The Agent Harness is the core orchestration layer for the Dexorder AI platform, built on LangChain.js and LangGraph.js.

Architecture Overview

┌─────────────────────────────────────────────────────────────┐
│                    Gateway (Fastify)                        │
│  ┌──────────────┐  ┌──────────────┐  ┌──────────────┐     │
│  │  WebSocket   │  │  Telegram    │  │  Event       │     │
│  │  Handler     │  │  Handler     │  │  Router      │     │
│  └──────┬───────┘  └──────┬───────┘  └──────┬───────┘     │
│         │                  │                  │              │
│         └──────────────────┴──────────────────┘              │
│                            │                                 │
│                    ┌───────▼────────┐                        │
│                    │ Agent Harness  │                        │
│                    │  (Stateless)   │                        │
│                    └───────┬────────┘                        │
│                            │                                 │
│         ┌──────────────────┼──────────────────┐             │
│         │                  │                  │             │
│    ┌────▼─────┐      ┌────▼─────┐      ┌────▼─────┐       │
│    │   MCP    │      │   LLM    │      │   RAG    │       │
│    │ Connector│      │  Router  │      │ Retriever│       │
│    └────┬─────┘      └────┬─────┘      └────┬─────┘       │
│         │                  │                  │             │
└─────────┼──────────────────┼──────────────────┼─────────────┘
          │                  │                  │
          ▼                  ▼                  ▼
   ┌────────────┐     ┌───────────┐     ┌───────────┐
   │   User's   │     │    LLM    │     │  Qdrant   │
   │    MCP     │     │ Providers │     │ (Vectors) │
   │ Container  │     │(Anthropic,│     │           │
   │ (k8s pod)  │     │  OpenAI,  │     │  Global + │
   │            │     │   etc)    │     │   User    │
   └────────────┘     └───────────┘     └───────────┘

Message Processing Flow

When a user sends a message:

1. Gateway receives message via channel (WebSocket/Telegram)
   ↓
2. Authenticator validates user and gets license info
   ↓
3. Container Manager ensures user's MCP container is running
   ↓
4. Agent Harness processes message:
   │
   ├─→ a.

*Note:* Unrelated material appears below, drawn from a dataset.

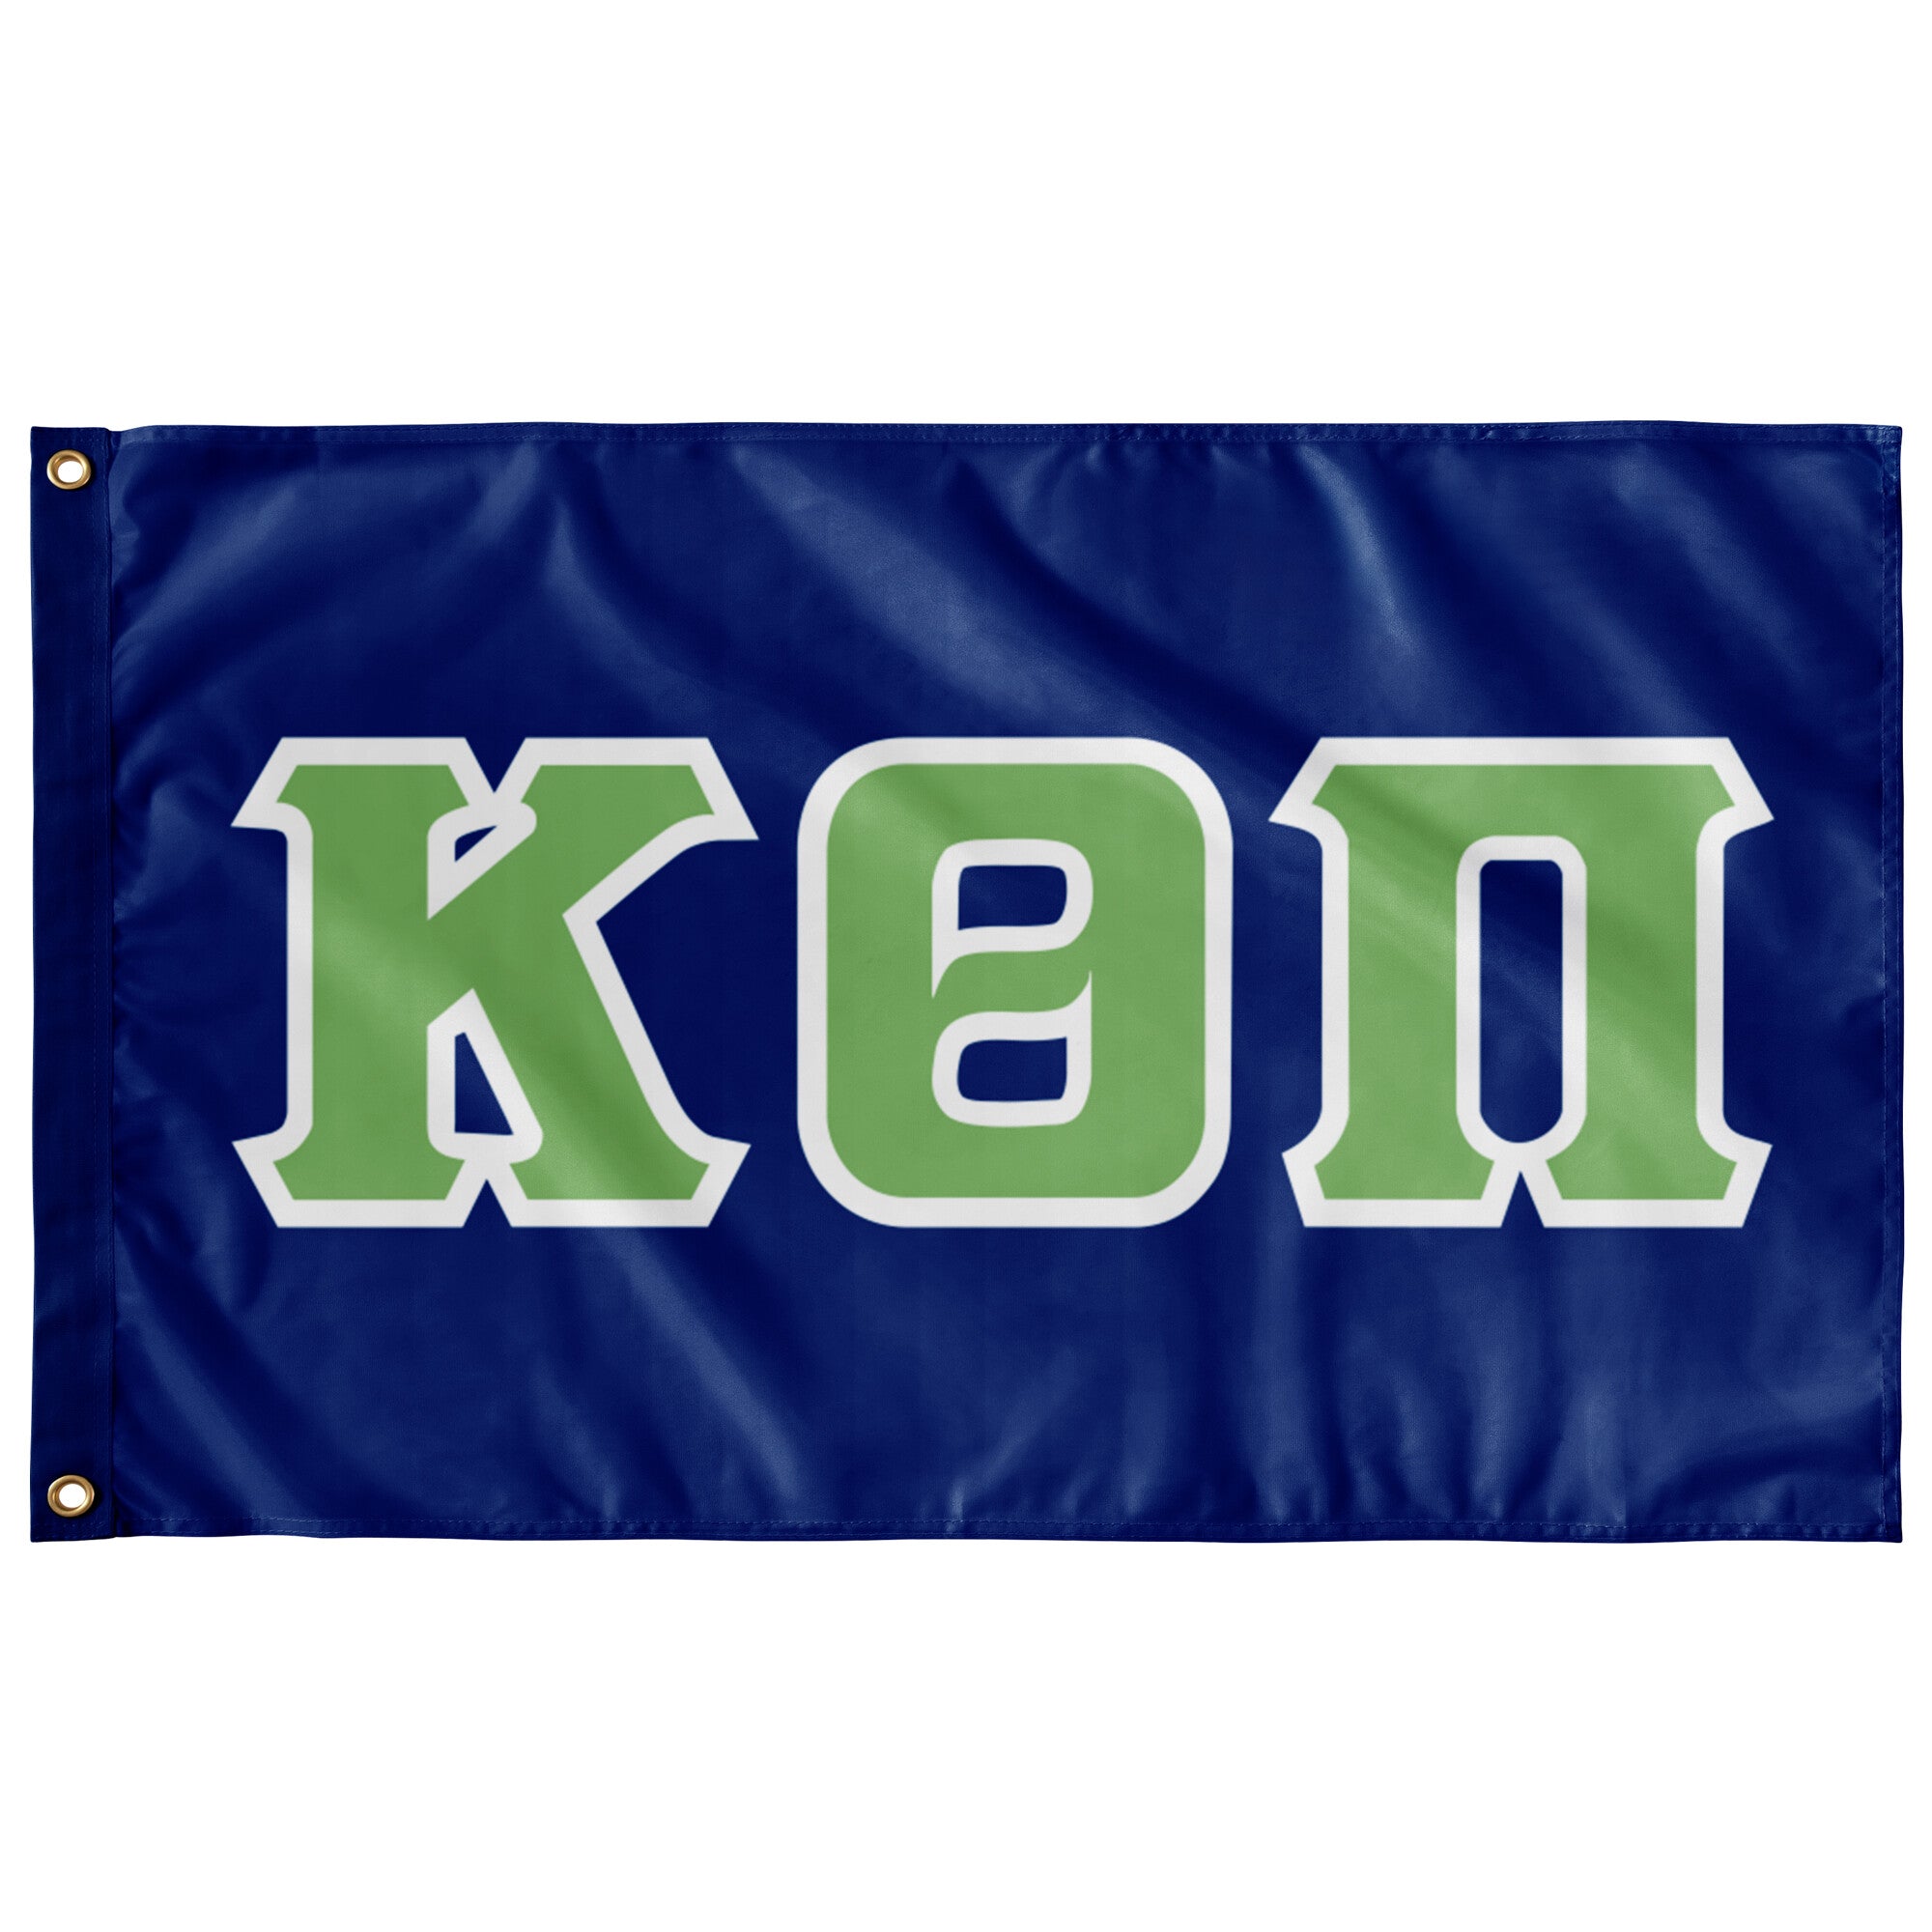 Kappa Theta Pi Greek Fraternity Banners - DesignerGreek DesignerGreek2

MCPClientConnector fetches context resources:
   │      - context://user-profile
   │      - context://conversation-summary
   │      - context://workspace-state
   │      - context://system-prompt
   │
   ├─→ b. RAGRetriever searches for relevant memories:
   │      - Embeds user query
   │      - Searches Qdrant: user_id = current_user OR user_id = "0"
   │      - Returns user-specific + global platform knowledge
   │
   ├─→ c. Build system prompt:
   │      - Base platform prompt
   │      - User profile context
   │      - Workspace state
   │      - Custom user instructions
   │      - Relevant RAG memories
   │
   ├─→ d. ModelRouter selects LLM:
   │      - Based on license tier
   │      - Query complexity
   │      - Configured routing strategy
   │
   ├─→ e. LLM invocation with tool support:
   │      - Send messages to LLM
   │      - If tool calls requested:
   │         • Platform tools → handled by gateway
   │         • User tools → proxied to MCP container
   │      - Loop until no more tool calls
   │
   ├─→ f. Save conversation to MCP:
   │      - mcp.callTool('save_message', user_message)
   │      - mcp.callTool('save_message', assistant_message)
   │
   └─→ g. Return response to user via channel

Core Components

1. Agent Harness (gateway/src/harness/agent-harness.ts)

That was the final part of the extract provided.